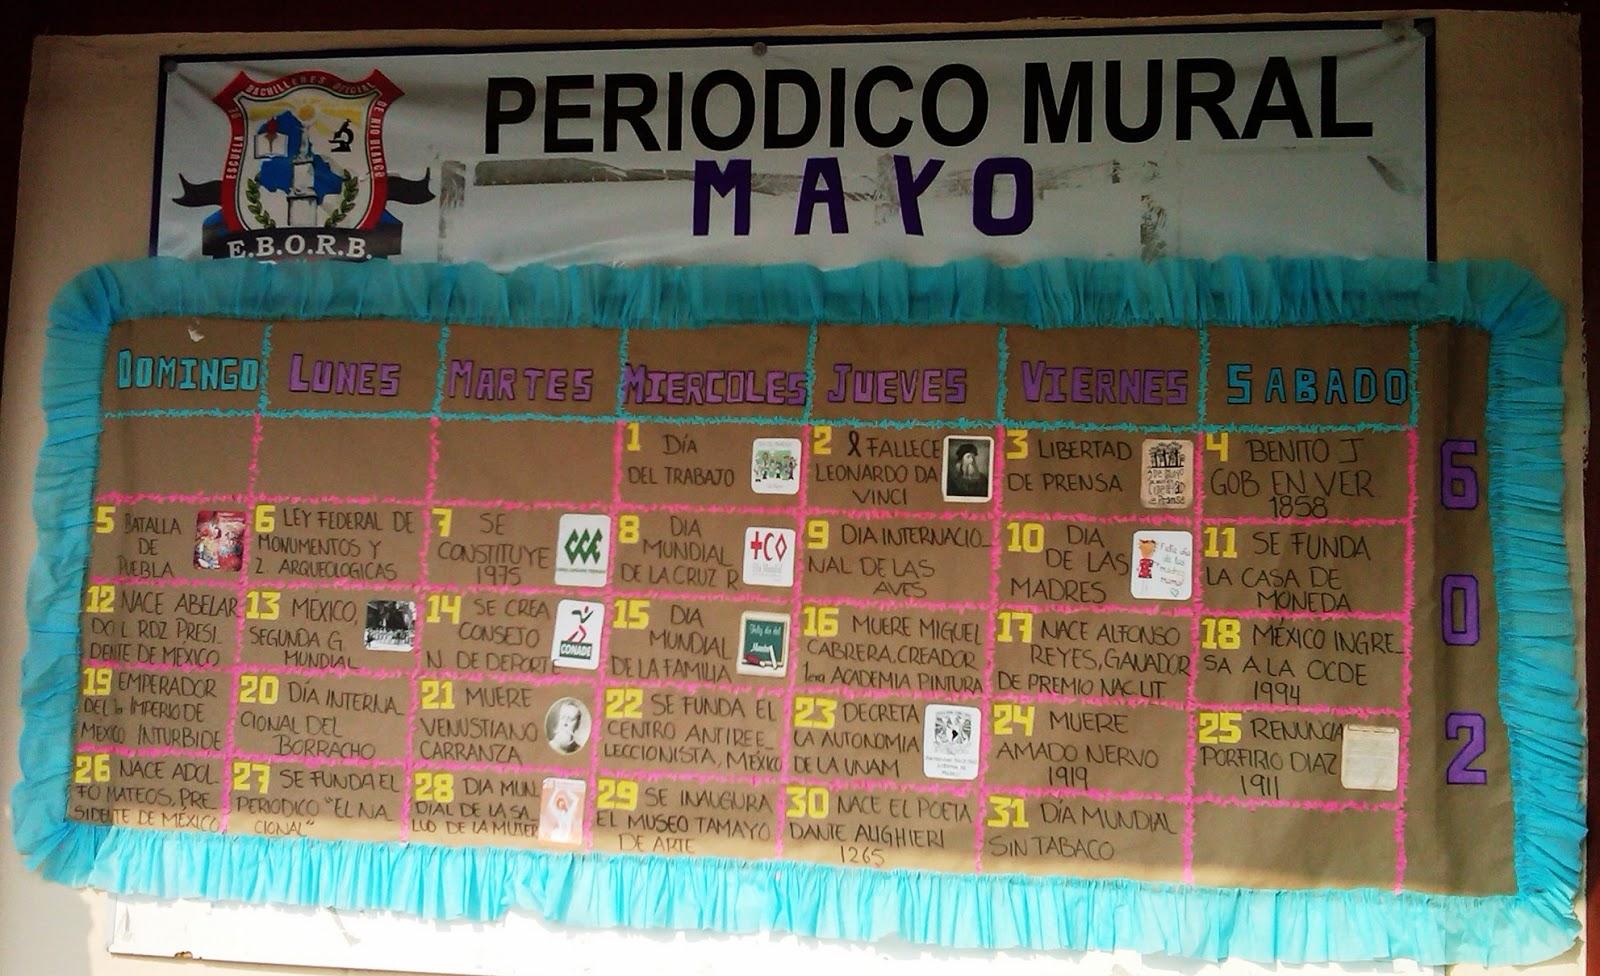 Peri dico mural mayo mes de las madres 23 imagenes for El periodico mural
___
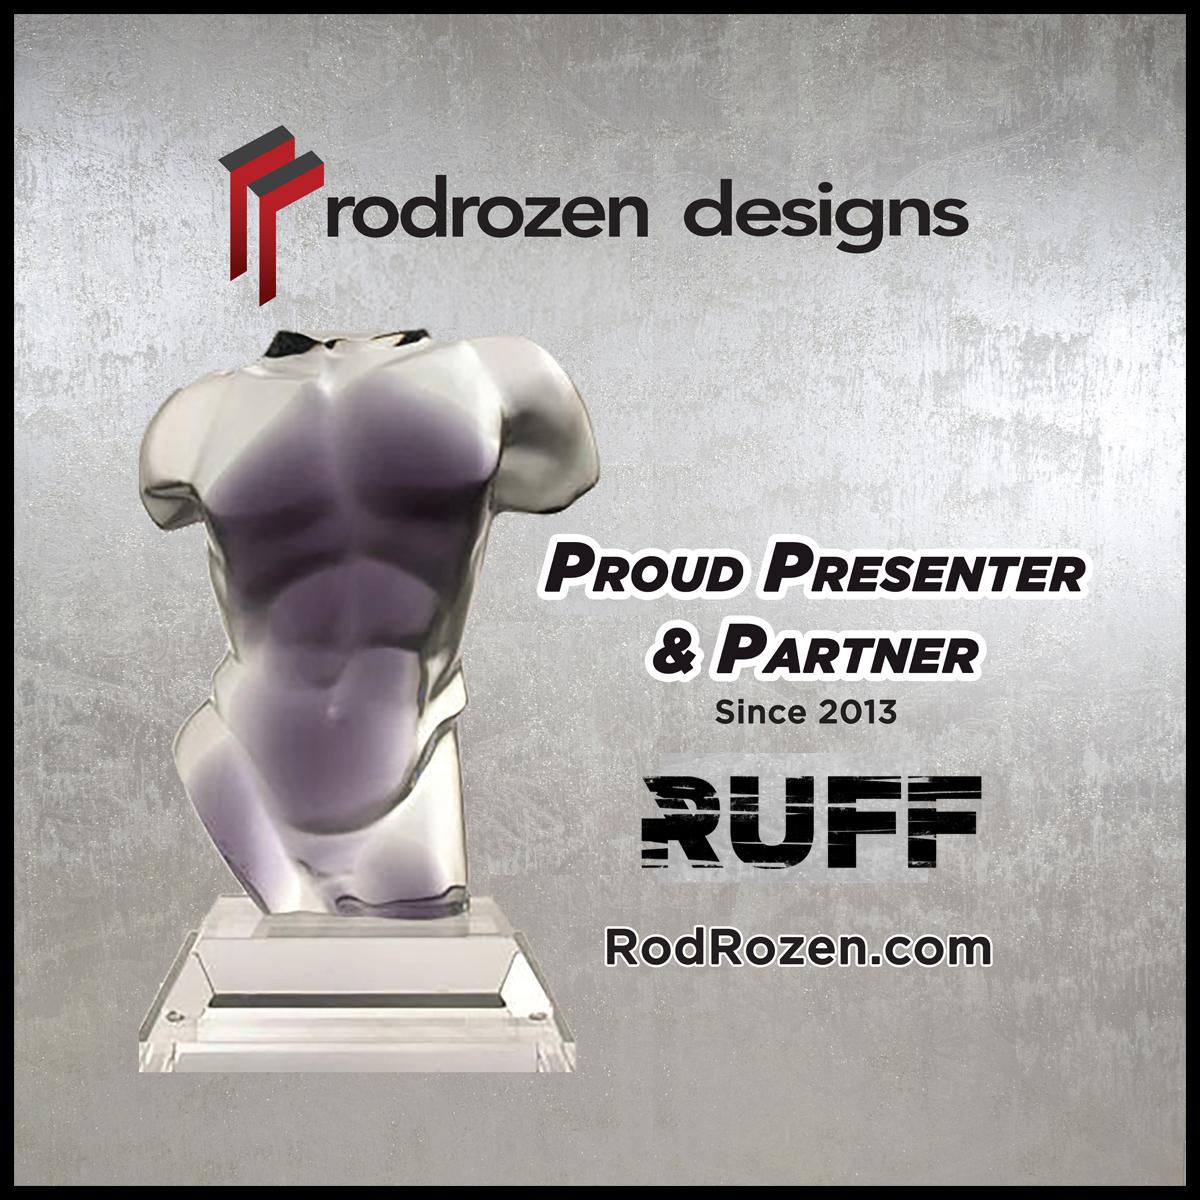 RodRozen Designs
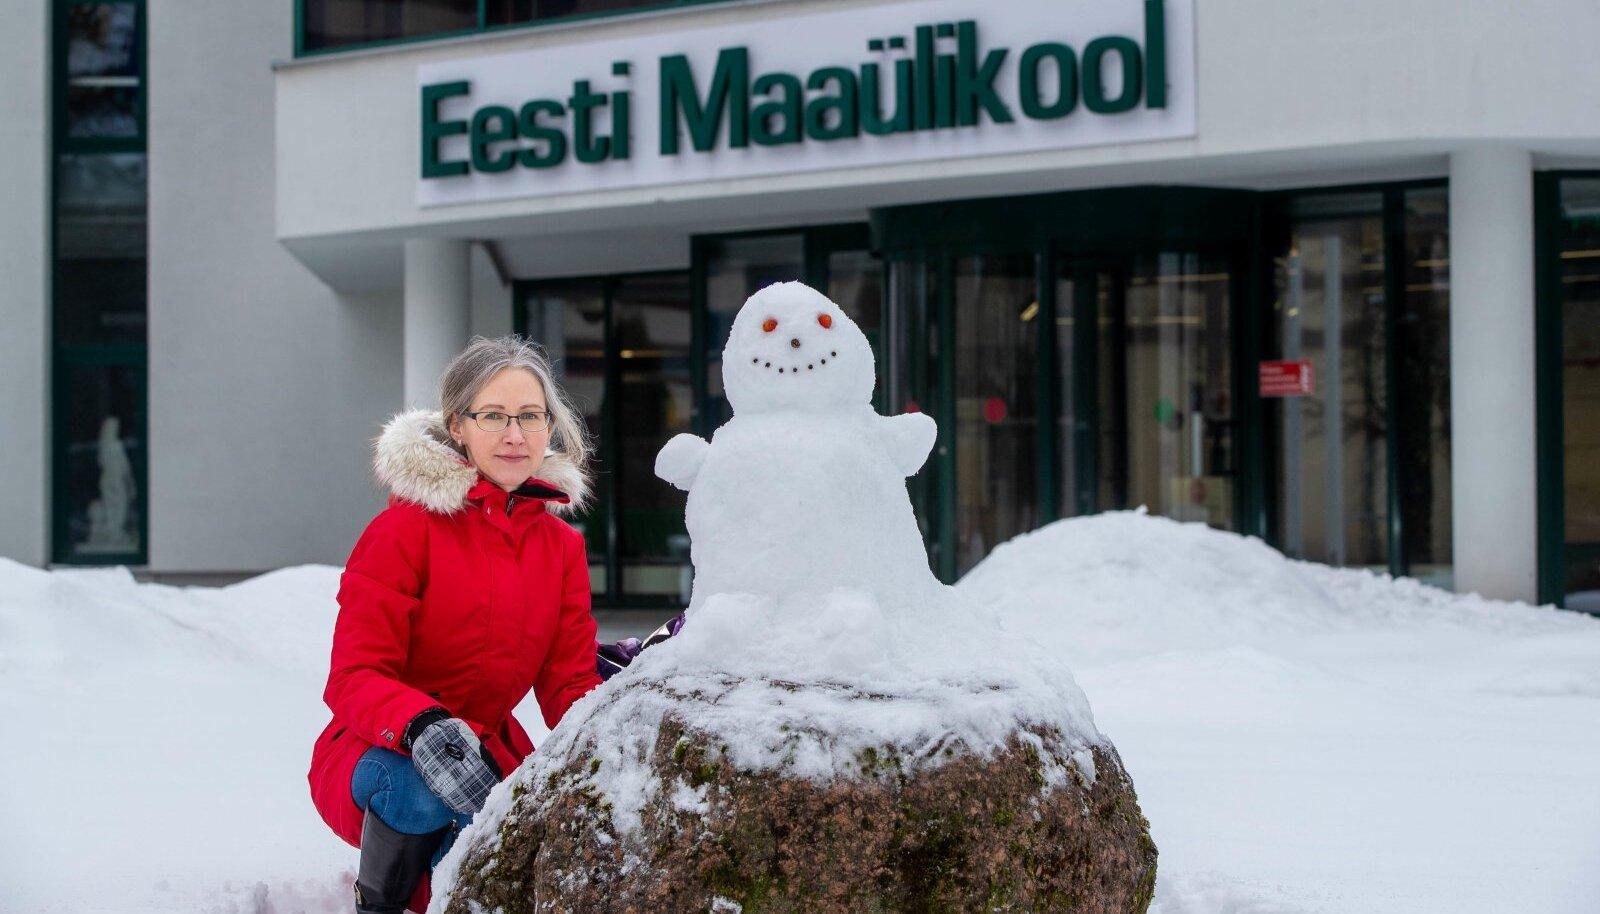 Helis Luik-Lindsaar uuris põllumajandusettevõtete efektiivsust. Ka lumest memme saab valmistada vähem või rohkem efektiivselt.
___
• _Goal of the exercise_: In the data above, start at the line holding "RodRozen Designs" and stop after the line holding "Helis Luik-Lindsaar uuris"; write out those lines exactly, without pictures.

• _Exercise solution_:
 RodRozen Designs
 Helis Luik-Lindsaar uuris põllumajandusettevõtete efektiivsust. Ka lumest memme saab valmistada vähem või rohkem efektiivselt.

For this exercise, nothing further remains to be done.